In the records below, find the line with "Household moving experts", then retype it and every following line exactly, stopping after the line with "Money from Costa rica / Colones Stock Photo". Leave the pictures out.

*** PROVIDED ENTRIES ***

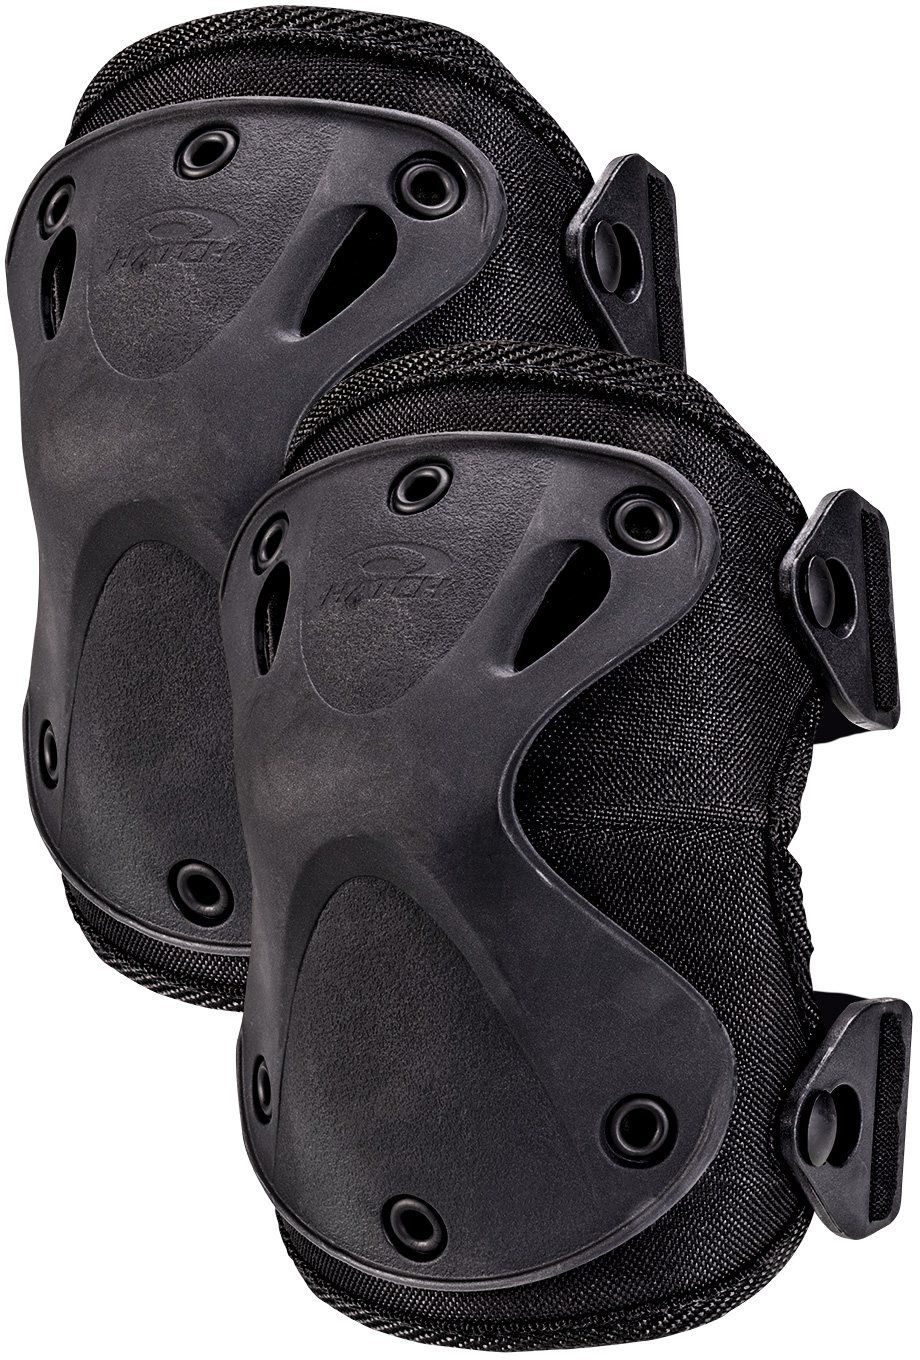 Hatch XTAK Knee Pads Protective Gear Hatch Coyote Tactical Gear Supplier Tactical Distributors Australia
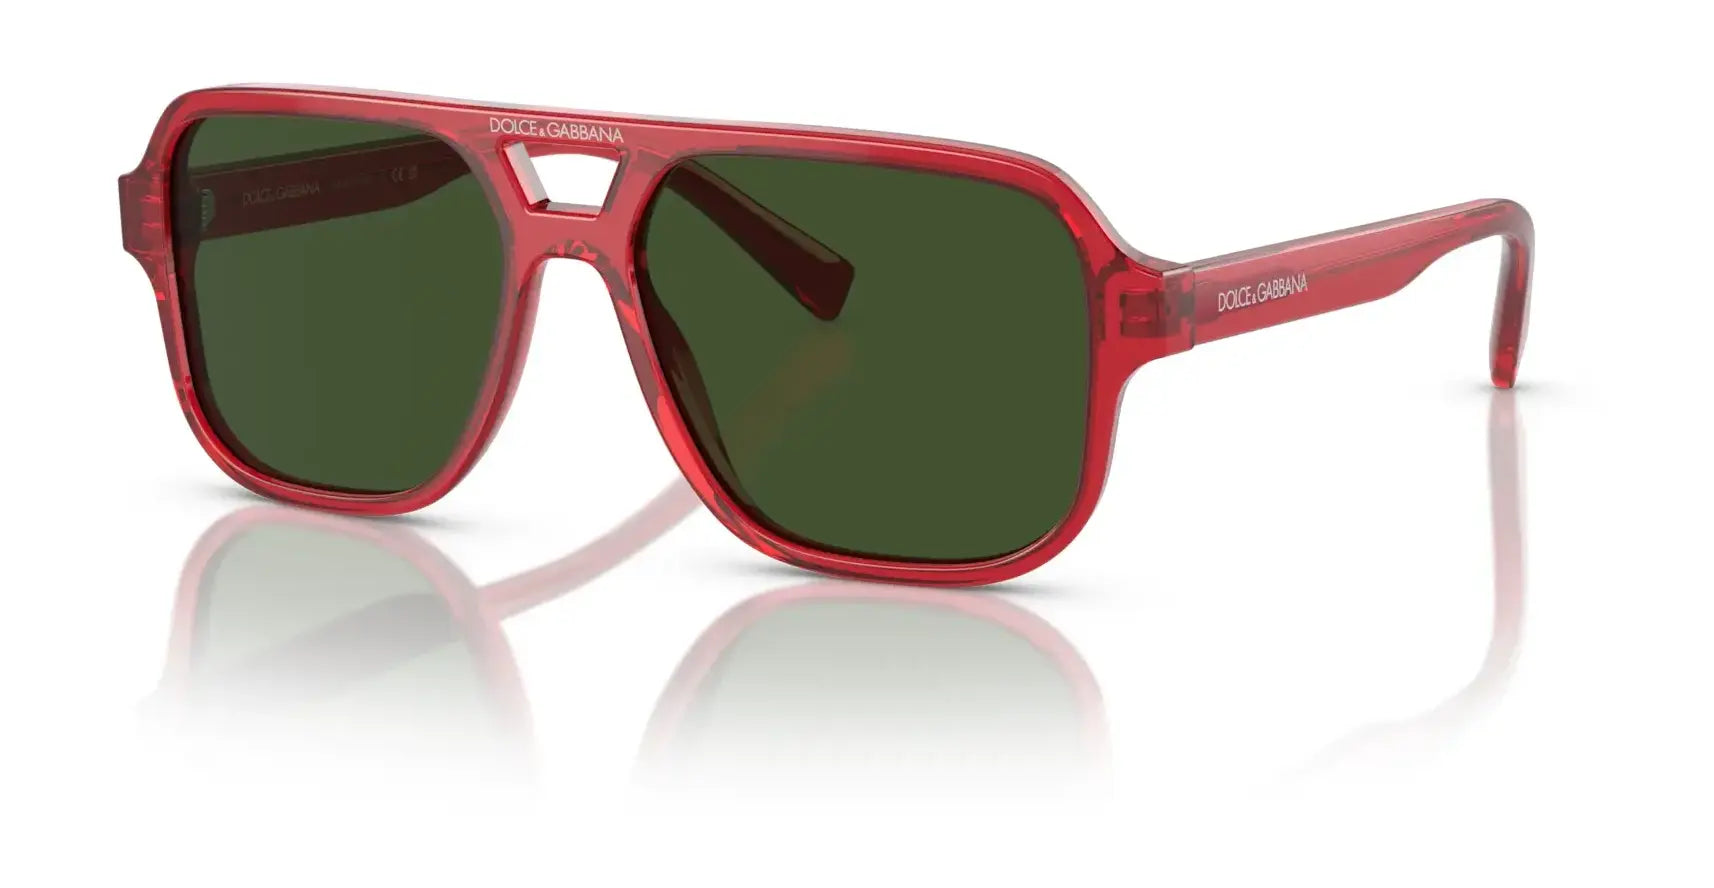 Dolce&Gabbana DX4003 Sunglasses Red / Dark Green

*** End of PROVIDED ENTRIES ***
*** PROVIDED ENTRIES ***

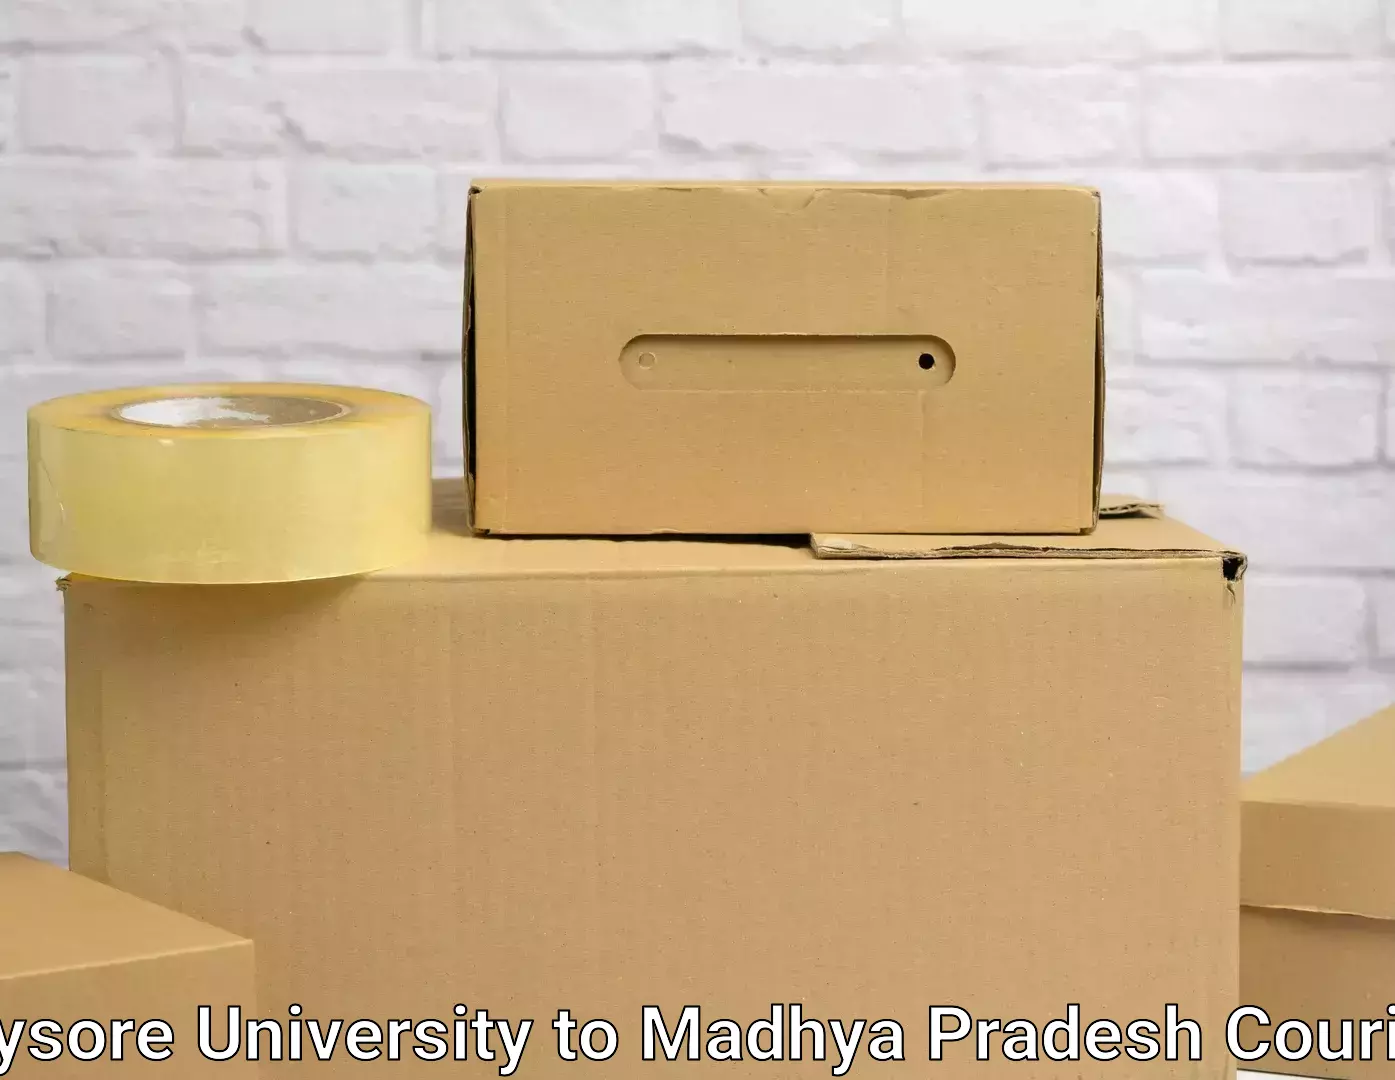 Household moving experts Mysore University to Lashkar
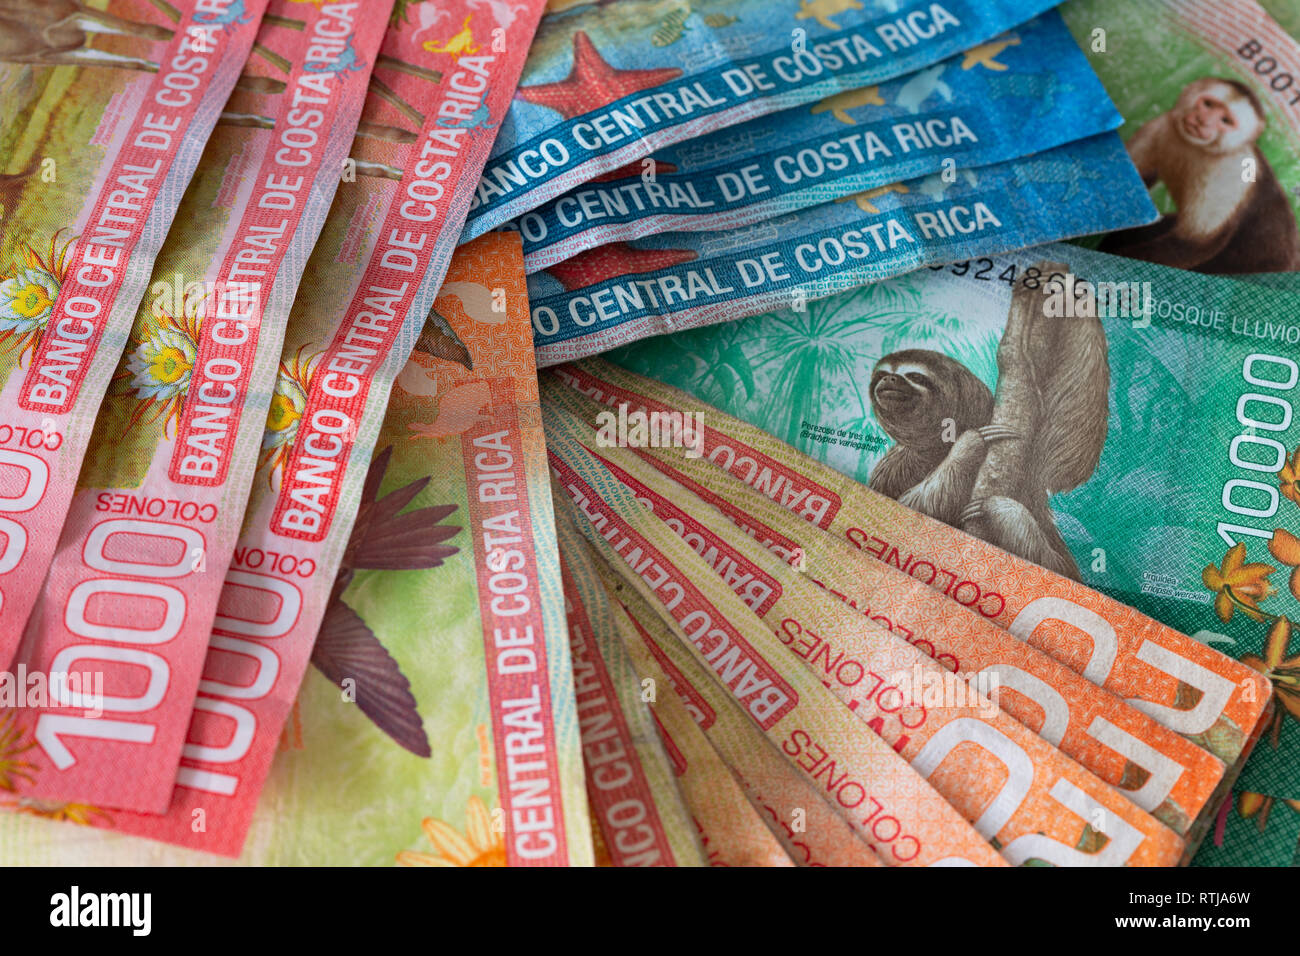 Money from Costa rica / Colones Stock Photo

*** End of PROVIDED ENTRIES ***

> [TASK RESULT]
 Household moving experts Mysore University to Lashkar
 Money from Costa rica / Colones Stock Photo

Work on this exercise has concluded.